TASK ITEM >> What you return should be the full listing, copied exactly and stripped of its pictures.

INFORMATION SHOWN >>

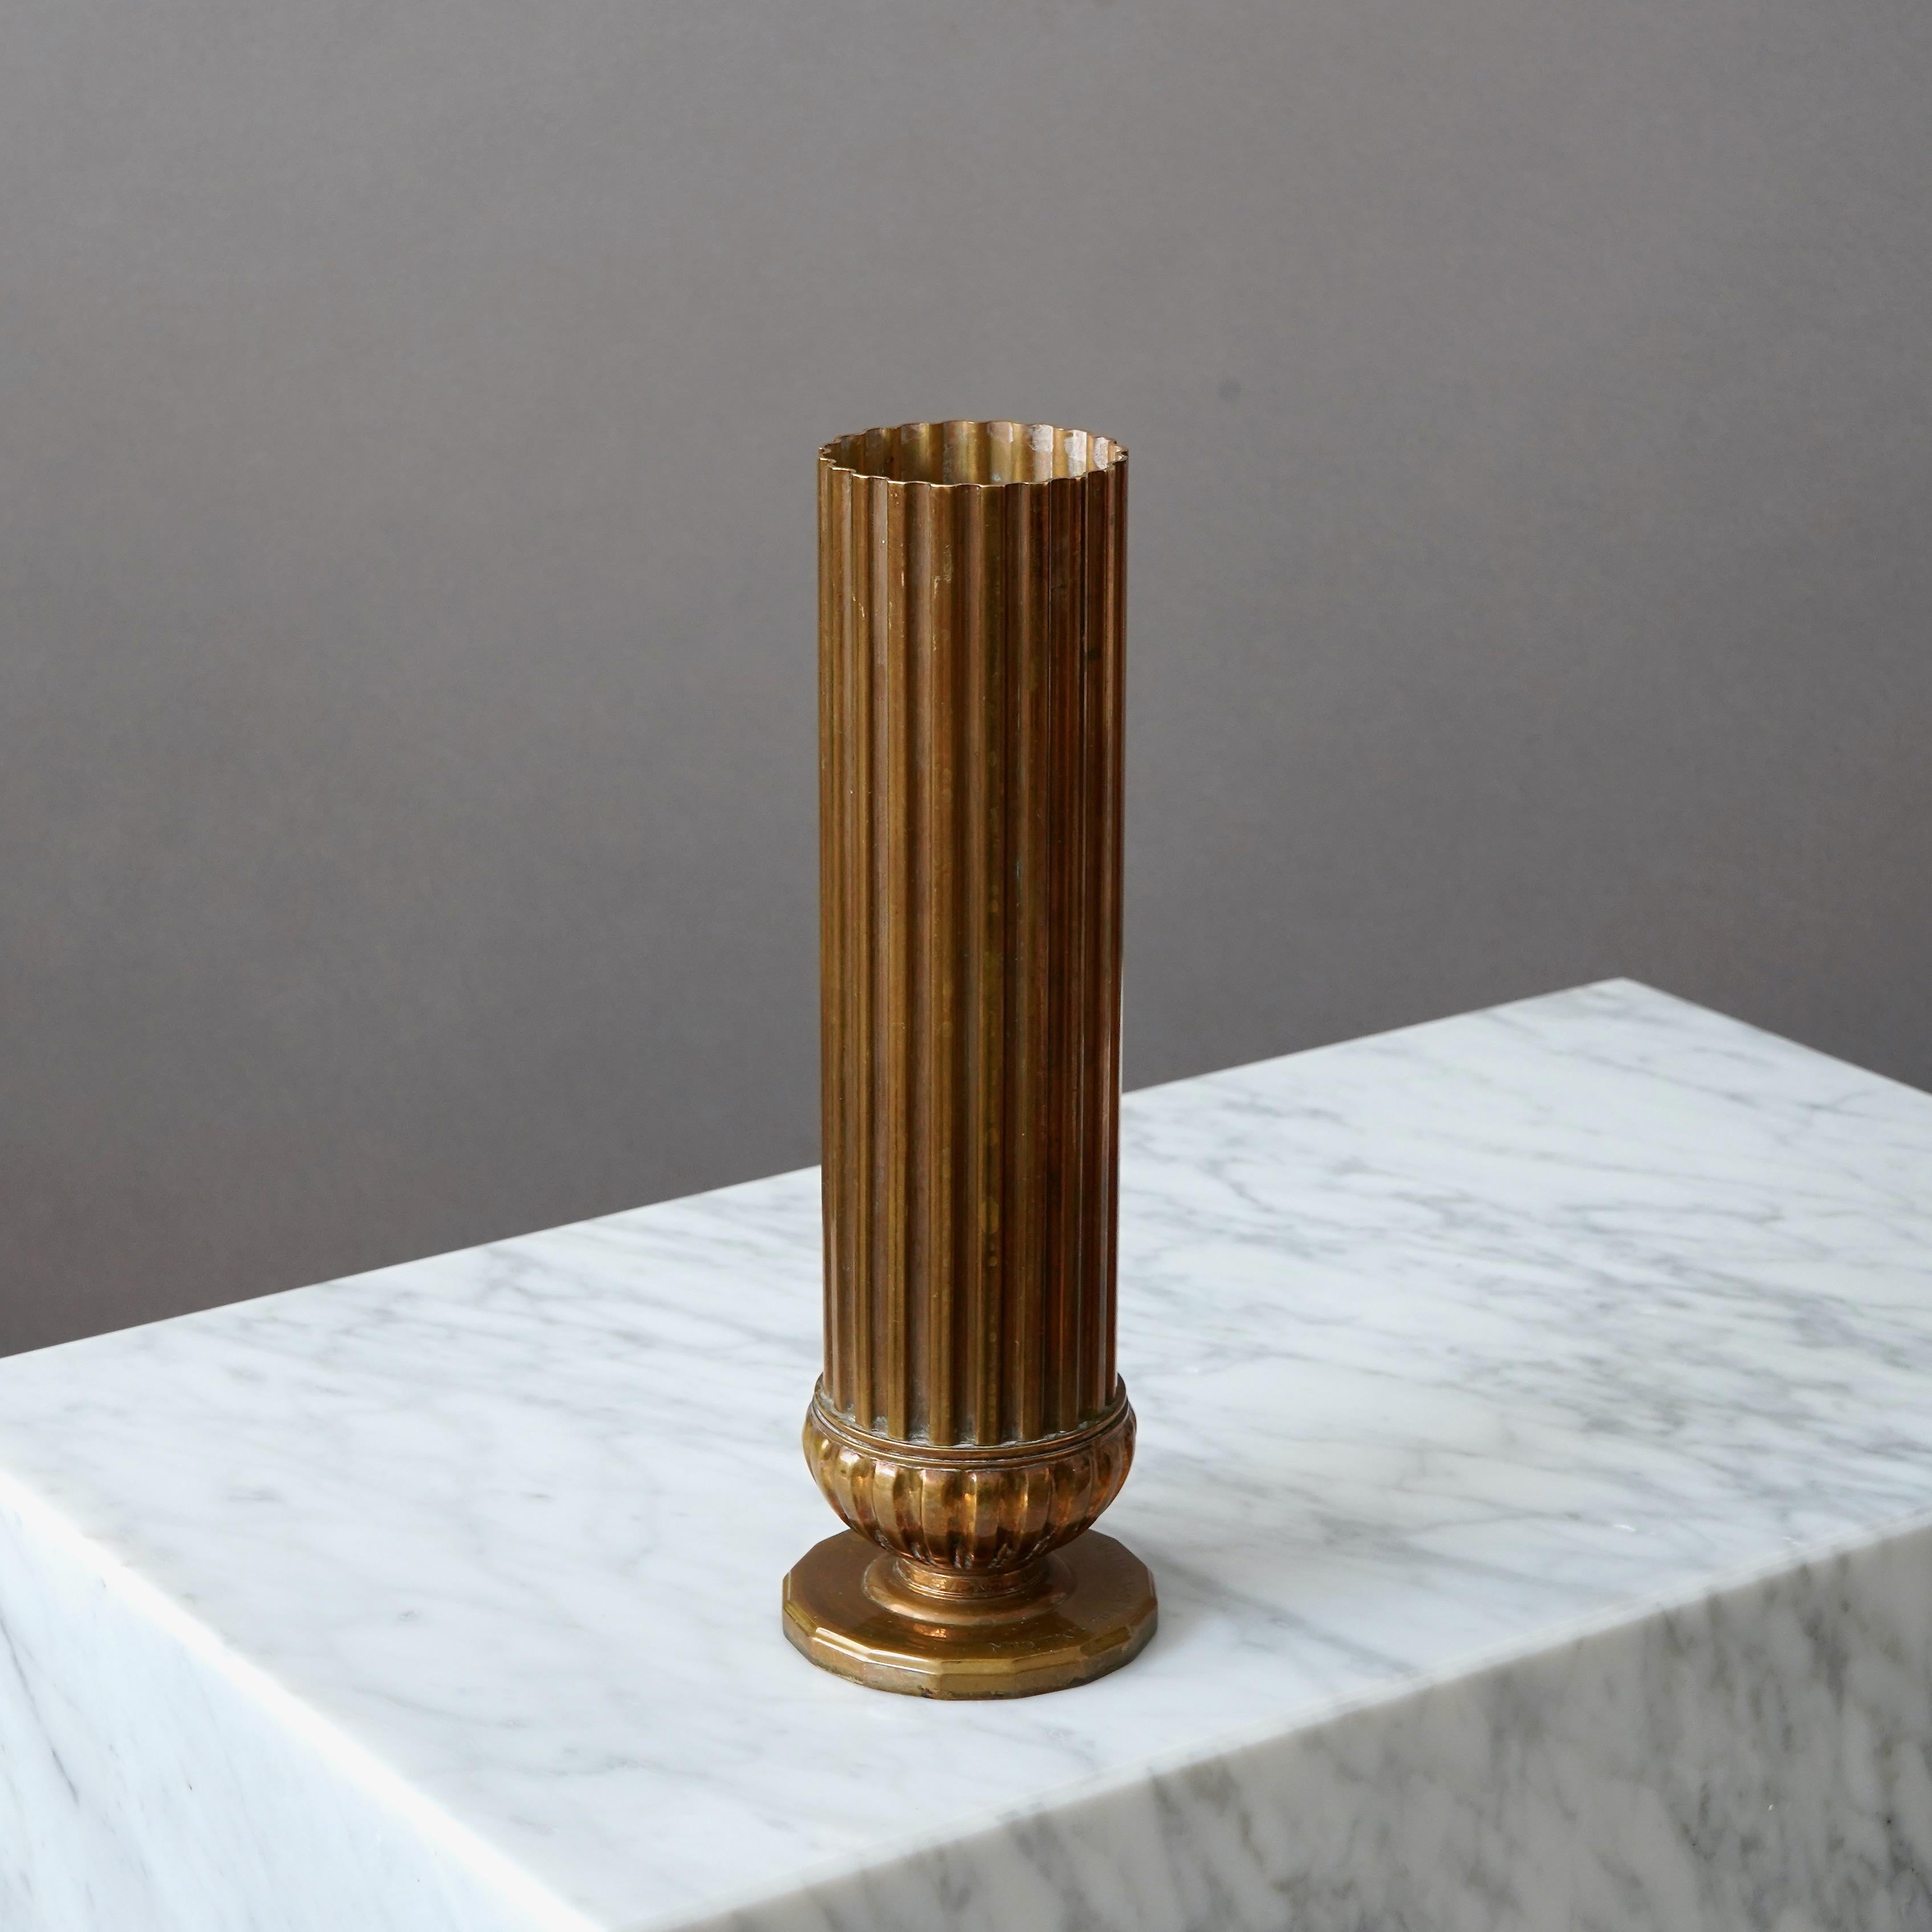 Un magnifique vase art déco en bronze avec une patine étonnante. 
Fabriqué par SVM, Svenska Metallverken AB, Suède, années 1930.  

Très bon état, mais avec une inscription sur la base.
Estampillé

REPLY TO THE TASK >>
 Un magnifique vase art déco en bronze avec une patine étonnante. 
Fabriqué par SVM, Svenska Metallverken AB, Suède, années 1930.  

Très bon état, mais avec une inscription sur la base.
Estampillé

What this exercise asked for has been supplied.